You are viewing a plain text version of this content. The canonical link for it is here.
Posted to general@hadoop.apache.org by Guillaume percoclap <pe...@gmail.com> on 2014/04/09 22:01:10 UTC

Re: Import only Delta from SDL DB using Sqoop

Hi thanks for this answer.

So should use this kind of command since my SQL table to import is based on
row ID values:

sqoop import  --check-column "PersonID" --incremental "append" --last-value
30

so it will only import new entries greather than ID 30. But If I want to
automate, of course I cannot check each day what is the current ID and
modify the script manually.
So what would be the best way to automatically only import last entries
greather than the last ID imported?
Thanks for all



2014-03-30 22:41 GMT+02:00 Peyman Mohajerian <mo...@gmail.com>:

> There are two ways, based on id or timestamp, here is the clear
> documentation:
>
> https://sqoop.apache.org/docs/1.4.2/SqoopUserGuide.html#_incremental_imports
>
>
> On Sun, Mar 30, 2014 at 12:58 PM, Guillaume percoclap
> <pe...@gmail.com>wrote:
>
> > Hi
> >
> > Using tool SQOOP, how could I import only differential data generated
> since
> > the last import for SDL DB please?
> >
> > Let say I run first this command: sqoop import-all-tables --connect
> > 'jdbc:sqlserver://xxxxssxs.com ;username=user1;password=xxxxx'
> > --hive-import
> >
> > and the next day I want to import only modified/added/deleted data, is it
> > existing a specific command allowing to do that?
> >
> > Thanks in advance
> >
> > Perco
> >
>

Re: Import only Delta from SDL DB using Sqoop

Posted by Guillaume percoclap <pe...@gmail.com>.
exact it works well. concerning SQL DB import using sqoop for a complete
DB, what are best practices?
Launch a sqoop job for each table indicating what it the incremental mode?
Thanks for your helpful advices




2014-04-09 22:13 GMT+02:00 Peyman Mohajerian <mo...@gmail.com>:

> In the same document/site it talks about 'saved jobs' basically a
> placeholder for the last value.

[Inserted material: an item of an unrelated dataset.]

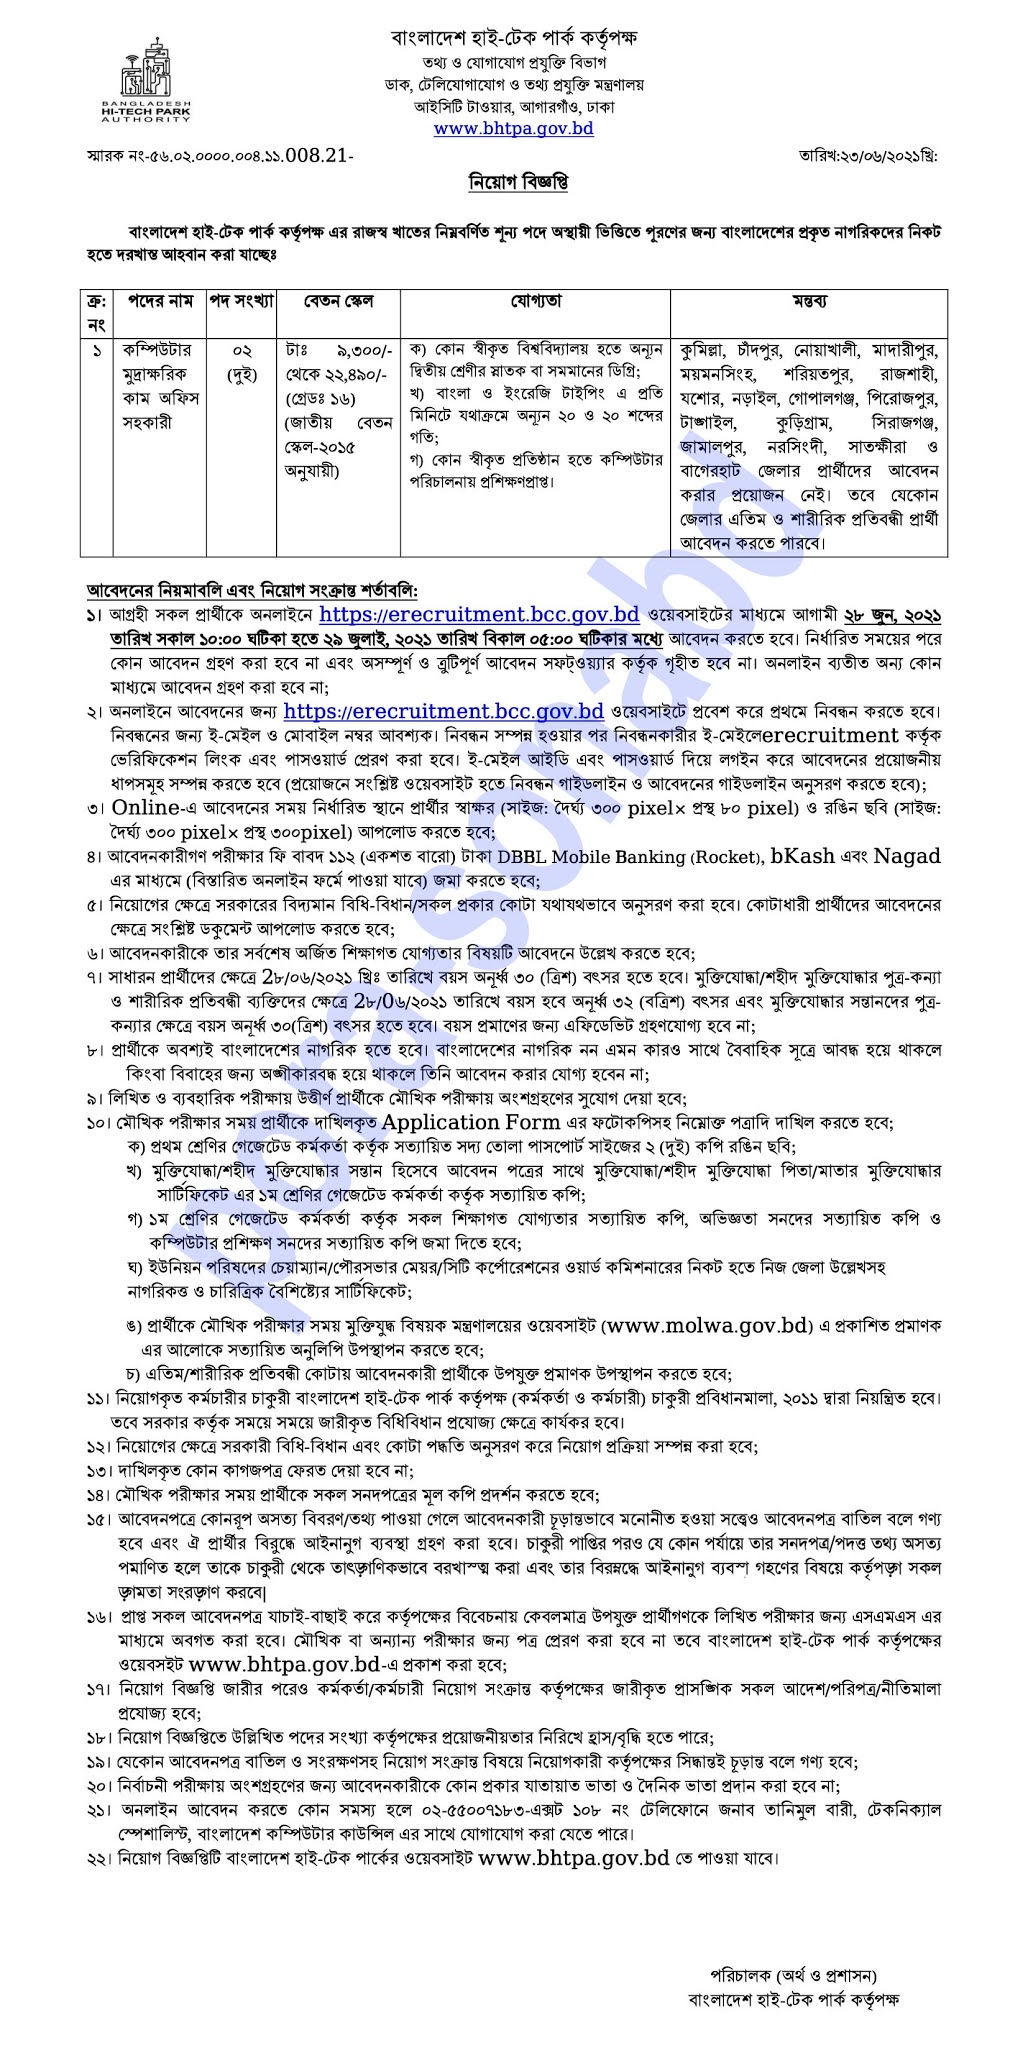 bd High Tech Park Job Circular-বাংলাদেশ হাইটেক পার্ক নিয়োগ বিজ্ঞপ্তি

You can of course store the last value on
> your own and pass it each time.
>
>
> On Wed, Apr 9, 2014 at 4:01 PM, Guillaume percoclap <percoclap@gmail.com
> >wrote:
>
> > Hi thanks for this answer.
> >
> > So should use this kind of command since my SQL table to import is based
> on
> > row ID values:
> >
> > sqoop import  --check-column "PersonID" --incremental "append"
> --last-value
> > 30
> >
> > so it will only import new entries greather than ID 30. But If I want to
> > automate, of course I cannot check each day what is the current ID and
> > modify the script manually.
> > So what would be the best way to automatically only import last entries
> > greather than the last ID imported?
> > Thanks for all
> >
> >
> >
> > 2014-03-30 22:41 GMT+02:00 Peyman Mohajerian <mo...@gmail.com>:
> >
> > > There are two ways, based on id or timestamp, here is the clear
> > > documentation:
> > >
> > >
> >
> https://sqoop.apache.org/docs/1.4.2/SqoopUserGuide.html#_incremental_imports
> > >
> > >
> > > On Sun, Mar 30, 2014 at 12:58 PM, Guillaume percoclap
> > > <pe...@gmail.com>wrote:
> > >
> > > > Hi
> > > >
> > > > Using tool SQOOP, how could I import only differential data generated
> > > since
> > > > the last import for SDL DB please?
> > > >
> > > > Let say I run first this command: sqoop import-all-tables --connect
> > > > 'jdbc:sqlserver://xxxxssxs.com ;username=user1;password=xxxxx'
> > > > --hive-import
> > > >
> > > > and the next day I want to import only modified/added/deleted data,
> is
> > it
> > > > existing a specific command allowing to do that?
> > > >
> > > > Thanks in advance
> > > >
> > > > Perco
> > > >
> > >
> >
>

Re: Import only Delta from SDL DB using Sqoop

Posted by Peyman Mohajerian <mo...@gmail.com>.
In the same document/site it talks about 'saved jobs' basically a
placeholder for the last value. You can of course store the last value on
your own and pass it each time.


On Wed, Apr 9, 2014 at 4:01 PM, Guillaume percoclap <pe...@gmail.com>wrote:

> Hi thanks for this answer.
>
> So should use this kind of command since my SQL table to import is based on
> row ID values:
>
> sqoop import  --check-column "PersonID" --incremental "append" --last-value
> 30
>
> so it will only import new entries greather than ID 30. But If I want to
> automate, of course I cannot check each day what is the current ID and
> modify the script manually.
> So what would be the best way to automatically only import last entries
> greather than the last ID imported?
> Thanks for all
>
>
>
> 2014-03-30 22:41 GMT+02:00 Peyman Mohajerian <mo...@gmail.com>:
>
> > There are two ways, based on id or timestamp, here is the clear
> > documentation:
> >
> >
> https://sqoop.apache.org/docs/1.4.2/SqoopUserGuide.html#_incremental_imports
> >
> >
> > On Sun, Mar 30, 2014 at 12:58 PM, Guillaume percoclap
> > <pe...@gmail.com>wrote:
> >
> > > Hi
> > >
> > > Using tool SQOOP, how could I import only differential data generated
> > since
> > > the last import for SDL DB please?
> > >
> > > Let say I run first this command: sqoop import-all-tables --connect
> > > 'jdbc:sqlserver://xxxxssxs.com ;username=user1;password=xxxxx'
> > > --hive-import
> > >
> > > and the next day I want to import only modified/added/deleted data, is
> it
> > > existing a specific command allowing to do that?
> > >
> > > Thanks in advance
> > >
> > > Perco
> > >
> >
>